Data for this exercise
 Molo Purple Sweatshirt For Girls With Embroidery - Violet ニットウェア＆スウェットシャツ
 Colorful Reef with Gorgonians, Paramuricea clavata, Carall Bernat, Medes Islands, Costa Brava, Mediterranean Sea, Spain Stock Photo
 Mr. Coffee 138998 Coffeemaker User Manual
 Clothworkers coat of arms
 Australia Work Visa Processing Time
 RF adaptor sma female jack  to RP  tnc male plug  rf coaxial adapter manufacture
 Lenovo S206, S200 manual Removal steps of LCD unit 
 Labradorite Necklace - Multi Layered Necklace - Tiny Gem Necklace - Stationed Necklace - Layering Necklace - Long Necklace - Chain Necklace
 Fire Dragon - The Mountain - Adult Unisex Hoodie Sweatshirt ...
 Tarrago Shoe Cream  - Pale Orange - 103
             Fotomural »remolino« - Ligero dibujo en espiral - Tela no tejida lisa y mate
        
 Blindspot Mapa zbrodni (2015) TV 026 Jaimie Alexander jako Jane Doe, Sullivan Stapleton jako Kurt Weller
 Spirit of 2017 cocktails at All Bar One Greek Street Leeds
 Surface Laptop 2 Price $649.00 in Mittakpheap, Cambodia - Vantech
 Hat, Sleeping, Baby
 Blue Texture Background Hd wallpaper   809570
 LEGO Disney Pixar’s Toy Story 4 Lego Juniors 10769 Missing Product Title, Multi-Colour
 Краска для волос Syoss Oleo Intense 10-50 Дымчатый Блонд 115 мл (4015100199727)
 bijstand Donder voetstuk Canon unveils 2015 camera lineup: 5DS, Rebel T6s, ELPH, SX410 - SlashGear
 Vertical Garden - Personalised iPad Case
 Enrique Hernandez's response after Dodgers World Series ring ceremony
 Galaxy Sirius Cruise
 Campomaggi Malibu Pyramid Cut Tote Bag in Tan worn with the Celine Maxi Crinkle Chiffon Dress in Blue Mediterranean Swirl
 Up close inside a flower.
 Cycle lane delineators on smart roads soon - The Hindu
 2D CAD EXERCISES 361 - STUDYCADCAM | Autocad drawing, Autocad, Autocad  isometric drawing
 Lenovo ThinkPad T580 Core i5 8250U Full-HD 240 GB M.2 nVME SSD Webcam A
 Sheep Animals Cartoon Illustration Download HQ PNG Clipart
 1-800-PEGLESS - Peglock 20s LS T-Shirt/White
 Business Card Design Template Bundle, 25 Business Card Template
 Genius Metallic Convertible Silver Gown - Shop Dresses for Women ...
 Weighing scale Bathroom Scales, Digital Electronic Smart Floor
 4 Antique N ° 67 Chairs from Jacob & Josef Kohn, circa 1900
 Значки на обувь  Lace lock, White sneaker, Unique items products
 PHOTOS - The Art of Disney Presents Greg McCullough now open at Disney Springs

Work request
Print the records above verbatim from their first line to the line containing "Australia Work Visa Processing Time", both included, and stop there.

Exercise output
 Molo Purple Sweatshirt For Girls With Embroidery - Violet ニットウェア＆スウェットシャツ
 Colorful Reef with Gorgonians, Paramuricea clavata, Carall Bernat, Medes Islands, Costa Brava, Mediterranean Sea, Spain Stock Photo
 Mr. Coffee 138998 Coffeemaker User Manual
 Clothworkers coat of arms
 Australia Work Visa Processing Time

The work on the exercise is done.